Siti Wahidah, Koordinator Divisi Pencegahan dan Humas Bawaslu Kalteng menegaskan:

“Bawaslu sedang menelusuri indikasi politik uang dalam PSU Barito Utara 2025. Jika terbukti, konsekuensinya bisa sangat serius, termasuk diskualifikasi.”

Gerakan Desa Anti Politik Uang Mendukung PSU Barito Utara 2025 Bersih

Untuk menekan praktik politik uang dalam PSU Barito Utara 2025, Bawaslu telah mencanangkan gerakan desa anti-politik uang bersama para kepala desa dan lurah di Barito Utara. Edukasi juga dilakukan melalui talk show dan diskusi publik.

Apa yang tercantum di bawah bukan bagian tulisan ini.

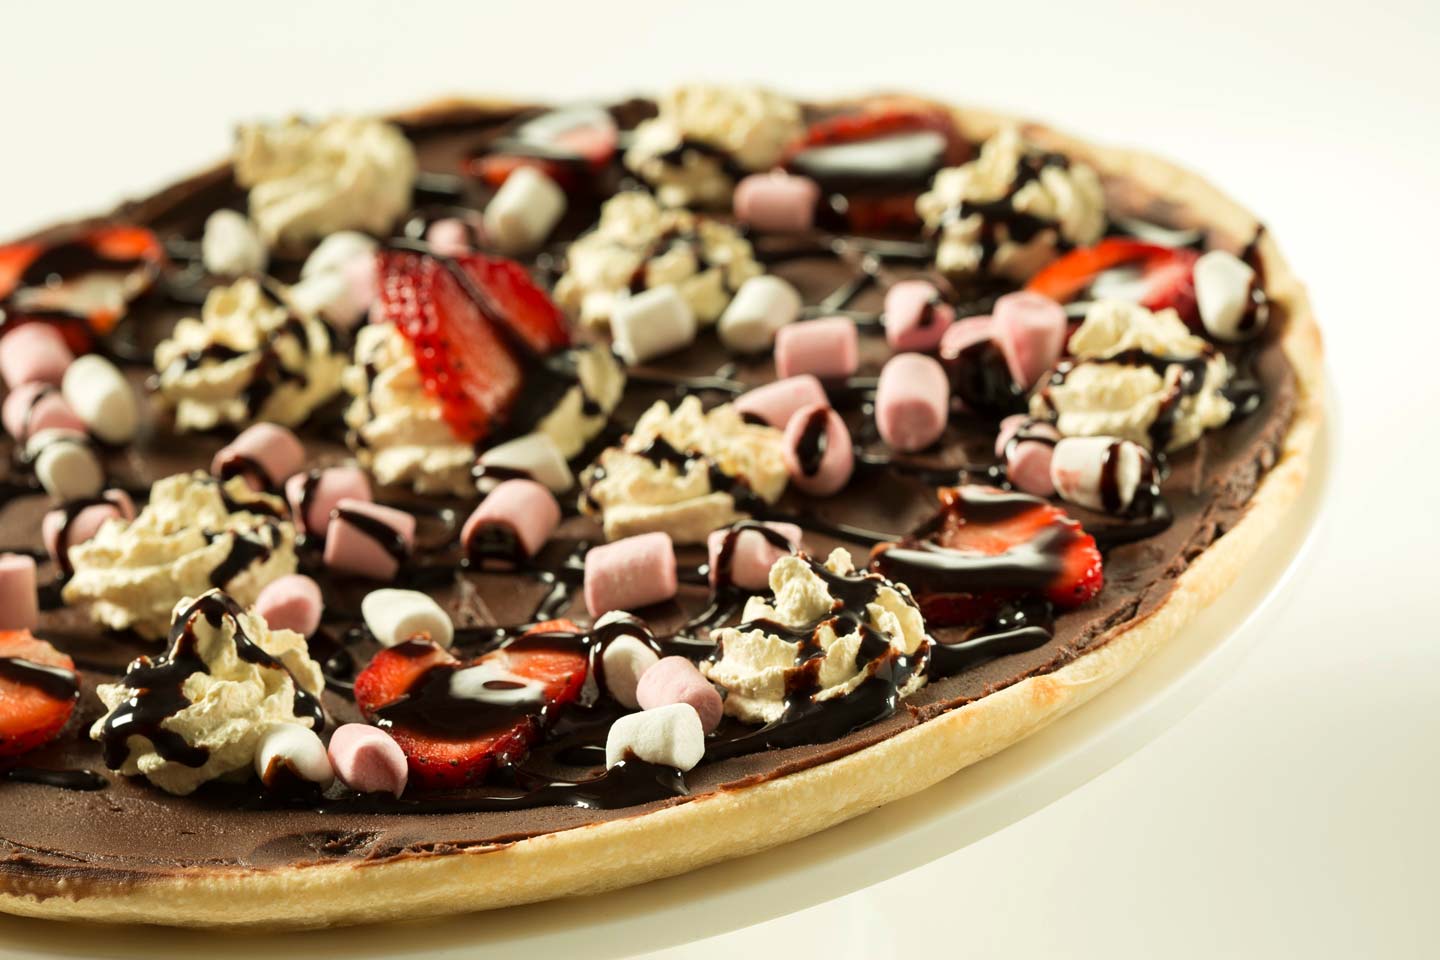 🍪 Say “Yuck” Or “Yum” to These Chocolatey Treats and We’ll Guess Your Zodiac Sign Chocolate pizza

“Kami aktif mengedukasi warga tentang dampak buruk politik uang dan pentingnya menjaga integritas dalam PSU Barito Utara 2025,” terang Siti Wahidah.

Edukasi Massif Dijalankan Sebelum PSU Barito Utara 2025

Bawaslu akan melaksanakan sosialisasi partisipatif secara masif pada awal Juli sebagai bagian dari persiapan PSU Barito Utara 2025. Tujuannya agar masyarakat memahami pentingnya pemilu langsung, umum, bebas, rahasia, jujur, dan adil.

Siti Wahidah menyampaikan bahwa jajaran pengawas di tingkat kecamatan dan desa telah bergerak aktif menelusuri isu yang mencuat menjelang PSU.

Tantangan Utama PSU Barito Utara 2025

Beberapa tantangan yang diidentifikasi dalam pelaksanaan PSU Barito Utara 2025 antara lain:

  • Potensi konflik antarpendukung

  • Politik uang

  • Hoaks dan ujaran kebencian

  • Netralitas ASN

  • Logistik ke daerah terpencil

Untuk itu, kolaborasi lintas sektor antara KPU, Bawaslu, TNI-Polri, dan masyarakat sangat krusial agar PSU Barito Utara 2025 berlangsung sukses.

Suara Warga: Kami Ingin Pilkada Jujur

Warga Barito Utara menyambut positif pelaksanaan PSU Barito Utara 2025 sebagai momen perbaikan demokrasi. Banyak yang berharap PSU kali ini benar-benar berlangsung jujur dan tanpa intervensi politik uang.

“Saya harap PSU Barito Utara 2025 ini adil. Jangan ada sogokan lagi. Biar yang terpilih benar-benar bekerja untuk rakyat,” kata Suhadi, warga Lahei.

Harapan Besar untuk Masa Depan Demokrasi Lokal

Pelaksanaan PSU Barito Utara 2025 bukan hanya soal pengulangan pemungutan suara, tetapi juga menjadi tolak ukur kualitas demokrasi lokal. Jika sukses, maka PSU ini bisa menjadi contoh nasional.

“PSU Barito Utara 2025 harus menjadi momentum pemurnian suara rakyat. Siapa pun yang menang harus didukung bersama demi pembangunan Barito Utara,” ujar Leonard S Ampung.